I tried Pop!_OS 21.10 live and it worked (tried all machines with UEFI / OVMF support).
So … i think it could be the Linux guest itself.

edit:
I encountered some strange behavior, some VMs booting and others not …, but in the end crashes all.

RAM is all Okay (ECC memory) …
I tried VM-disks on my CIFS Server and direct on the Host, all VMs with outsourced disks got an IO error, reboot of all my machines don’t helped.
Screenshot of one VM with disk on the network saved

When did you set up your Proxmox ?
Do you save your VMs on a NAS or Server in your network ?

Last edited: Jun 5, 2022

I set up Proxmox with the current working VM and LXC like 2 weeks ago.

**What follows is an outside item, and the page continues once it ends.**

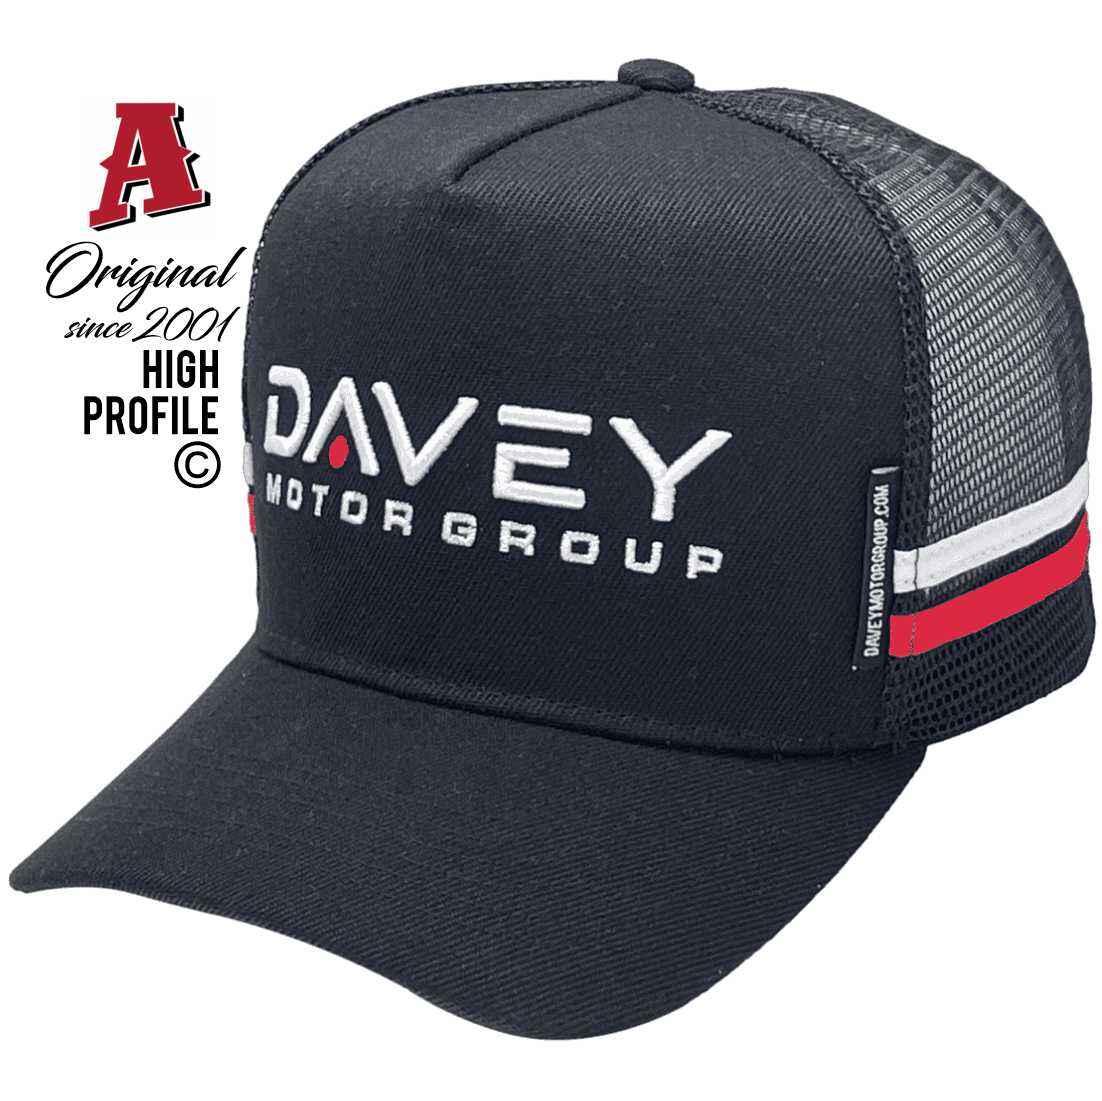 Davey Motor Group Breakwater VIC Basic Aussie Trucker Hats with Australian HeadFit Crown Double SideBands Black Snapback

I have all my VMs local, but I have tried storing the ISOs I’m using for boot both local and on a NAS.

Okay, i tried the ISOs on the local machine but the VM-disks one time local and another time outsourced.

VM disk local = Function
VM disk in NAS / server storage = IO error

i know that saving a VM disk on network storage isn’t the best way, but for me it worked fine until yesterday.

What’s the output of syslog of your Proxmox ?

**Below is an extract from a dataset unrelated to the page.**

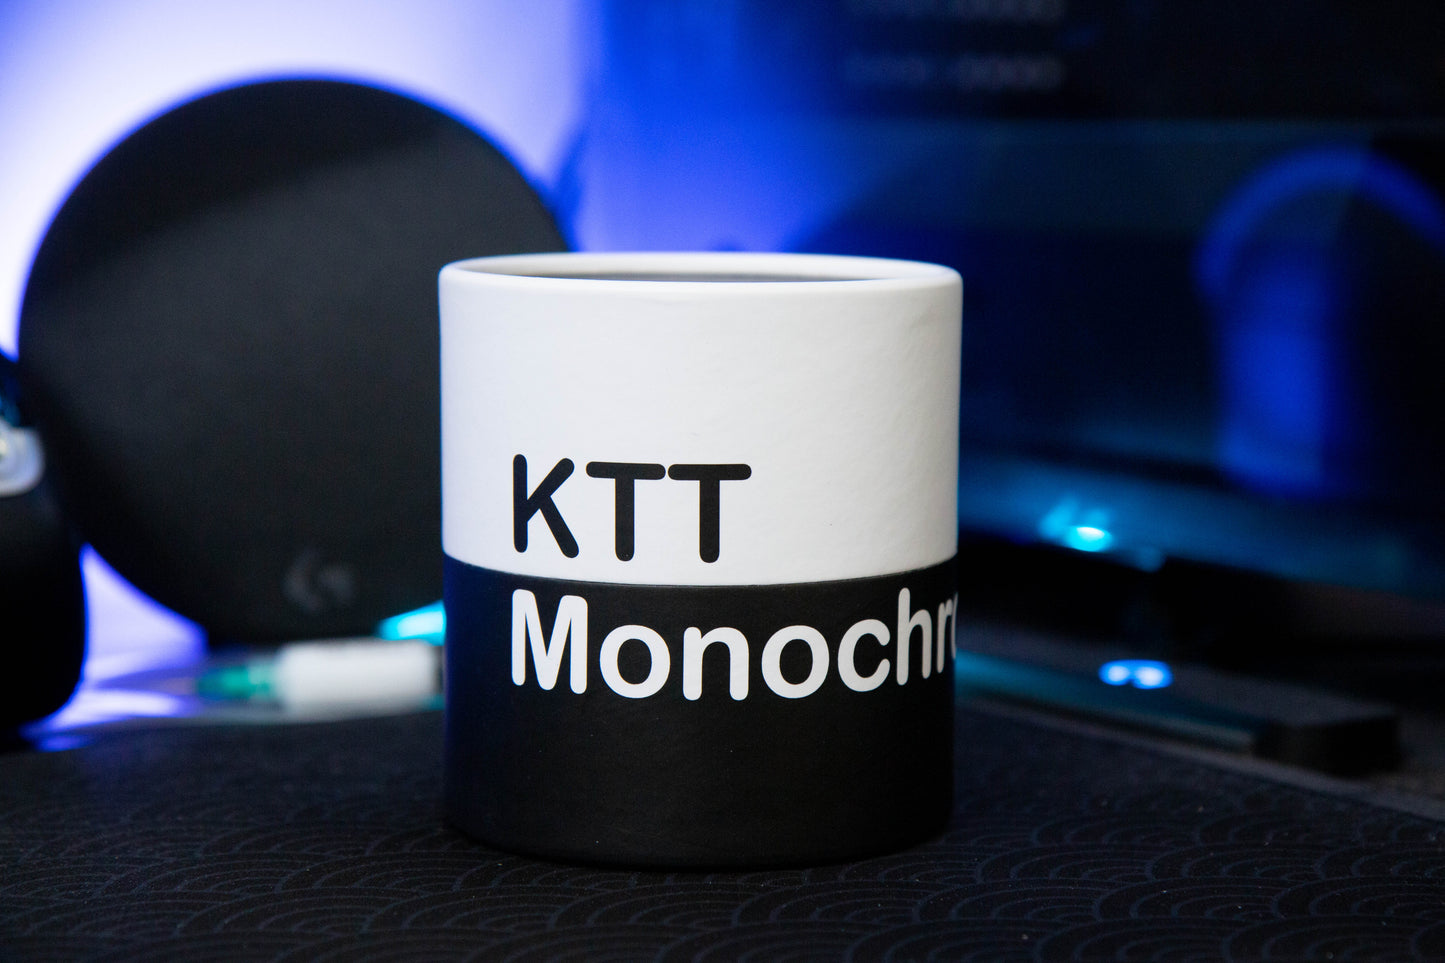 KTT Monochrome - Marble

I found a message in the syslogs of my host machine, something like that and this causes me an IO error with outsourced VM disks

So, that’s part of the problem and I should I have been more clear in my original post. How do I get syslog? I can’t find anything for logs other than under the firewall.

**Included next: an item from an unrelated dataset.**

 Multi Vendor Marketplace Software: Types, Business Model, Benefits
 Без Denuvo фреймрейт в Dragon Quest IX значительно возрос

You can access the syslog under Data center > «your Node» (eg. Proxmox) > syslog

I should feel embarassed, I wass looking for it but mostly with the VM selected.
After watching the log I see i am getting the CIFS: VFS: error too.
After going througha nd making a VM again and looking carefully, I see it wasn’t the ISO, the «storage» was defaulting tosetting the disk to be on my NAS I have attached. Once I set that to local again it’s booting up fine. Of course that makes sense.
It should always default local, but I also should have caught that sooner.

So in the end we both have the same Problem with CIFS / Samba Storage and outsourced VM Disks xDD
After all i think it is really something with an update for Proxmox, but to have IO errors ist just annoying.
I don’t know if this is a problem with Proxmox ( to be honest i use the non subscription repository for PVE updates ), but i hope for some fixes if its from an update….

I consider to reinstall proxmox complete on my Host an see if it’s a persistent error with the Repo.

Well at least we got it figured out. Good thing my job hired me to be a Docker guy, not a Proxmox guy lol. I’m just doing this at home.

Well yeah i’m an Electrician for all things over PC to Networking and Linux, but working actually as signal technician xD , i’m doing this at home to virtualize multiple machines and splitting some services from my storage server etc.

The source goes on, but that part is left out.